Затаенная обида на Катю и Левона Абгаровича за их самоуправство в глубинах памяти Иннокентия Павловича не улеглась, напротив, стала острее, больно жалила его, единовластного хозяина "Русского наследия", чувство собственного достоинства. Сам себе в том не признаваясь, он стал подозрителен, ему казалось, что они не во все подробности его посвятили, что-то от него утаили. Он потребовал у Левона Абгаровича все документы, связанные с этой сомнительной операцией, не раз и не два тщательнейше проверил каждую страницу расчетов, выкладок, цифр - все, однако, сходилось, все было, несомненно, дельно продумано, ничего незаконного или предосудительного он так и не нашел. Опять то же набившее оскомину и потому вызывавшее еще большее раздражение Катино "о'кей"!..
Мало того - ему чудилось, что после той ночи отношения между Катей и Левоном Абгаровичем стали теснее, ближе, дружественнее, он теперь и на людях называл ее не по имени-отчеству, как прежде, а просто Катей или и вовсе по-домашнему, что позволял себе один Иннокентий Павлович, - Кэт. Ему казалось, что они за его спиной молчаливо переглядываются или шушукаются о чем-то своем, к чему он сам не имеет никакого отношения.
А поскольку Тер-Тевосян был не намного его старше и за ним, как за каждым кавказцем, среди женского персонала банка ходила слава сердцееда и неотразимого мужчины - а он и был моложавее своих неполных сорока и красив именно кавказской, самоуверенной броскостью, - Иннокентию Павловичу подчас приходило на ум и нечто более гадкое, но он гнал от себя эти глупые, ни на чем, собственно, не основанные, унизительные для него мысли. Да и Катя, убеждал он себя, не из тех, кто может польститься на Абгарычеву пошловатую привлекательность.

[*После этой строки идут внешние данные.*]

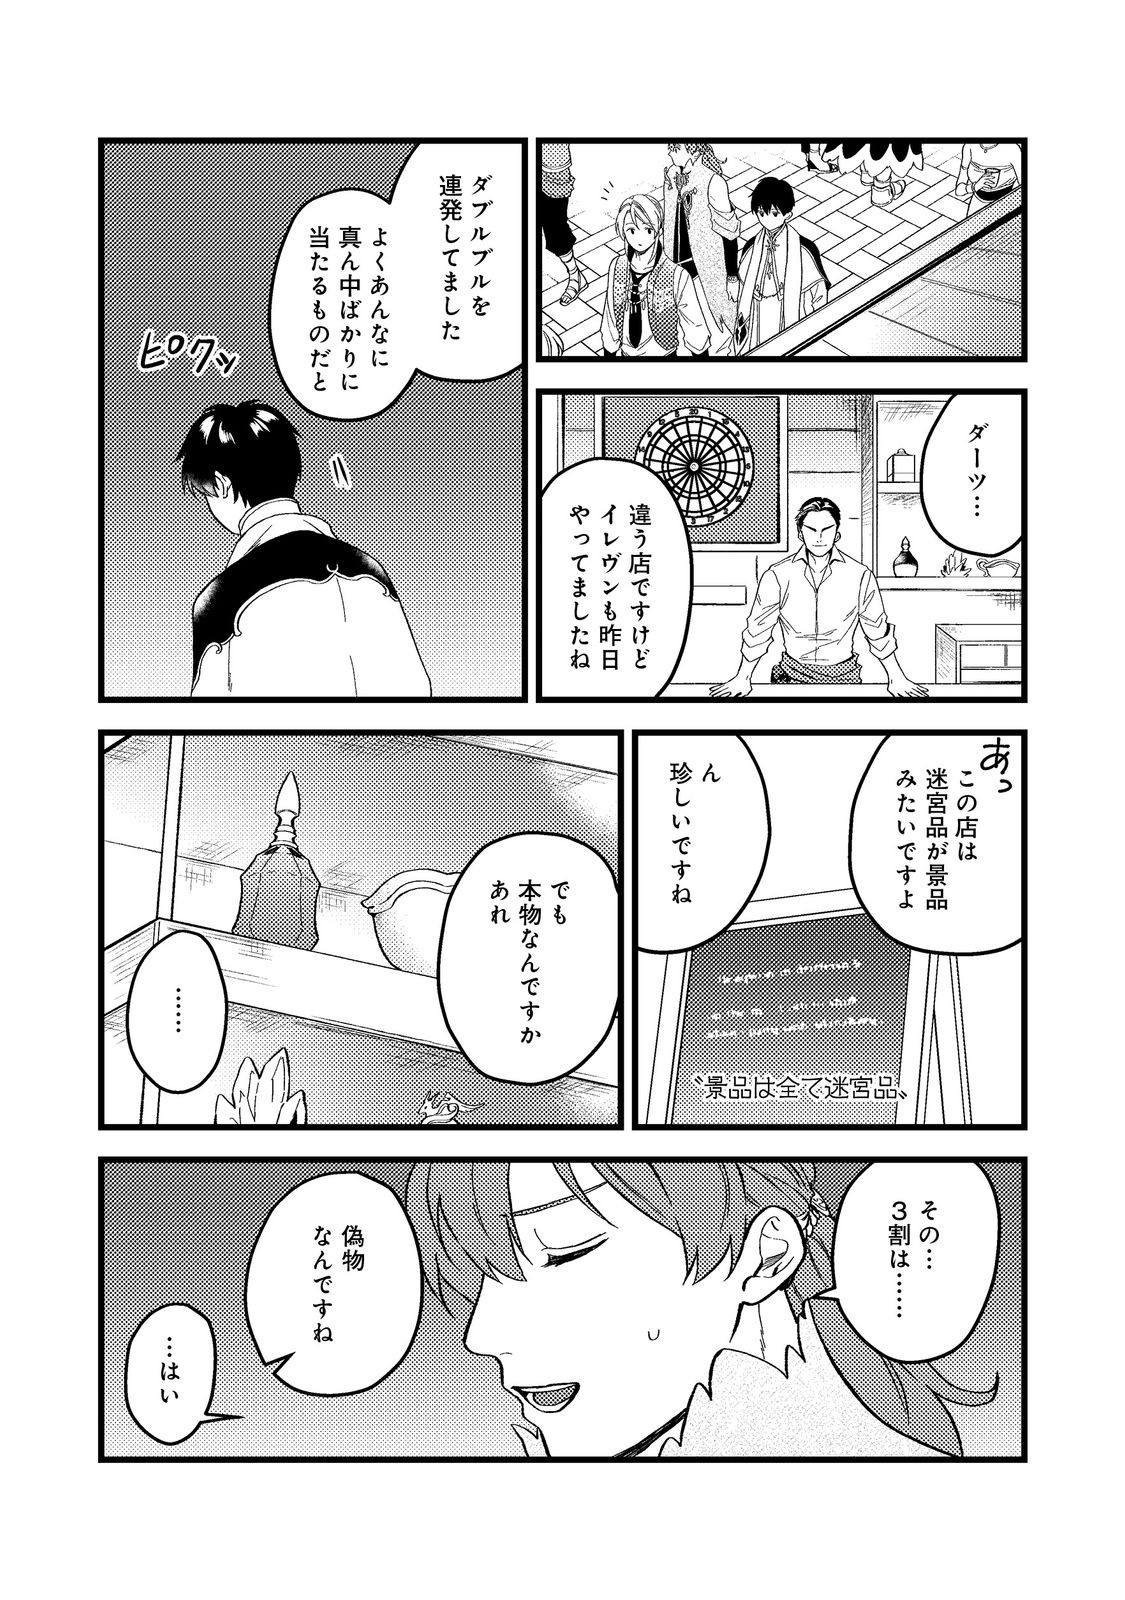 Odayaka Kizoku no Kyuuka no Susume - Chapter 45.1 - Page 9

К тому же ее отношение к мужу нисколько не изменилось, она была, как всегда, нежна и ласкова с ним и в постели такая же раскрепощенная, как с первого дня их медового месяца.
Но подозрительные эти мысли все не шли из головы, подливали ложку дегтя в прежний мед их семейного счастья, отдаляли друг от друга, и теперь Иннокентий Павлович стал чувствовать к ней едва сдерживаемое раздражение, от которого до вражды и разрыва - короткий шажок.
Теперь-то он уже никак не мог бы решиться посвятить Катю в свою тайну, которая не шла из головы, засела в ней ежом, и которой он не мог и не сможет уже ни с кем поделиться. Это делало его с Катей отношения еще напряженнее, и чувство розни росло в нем день ото дня.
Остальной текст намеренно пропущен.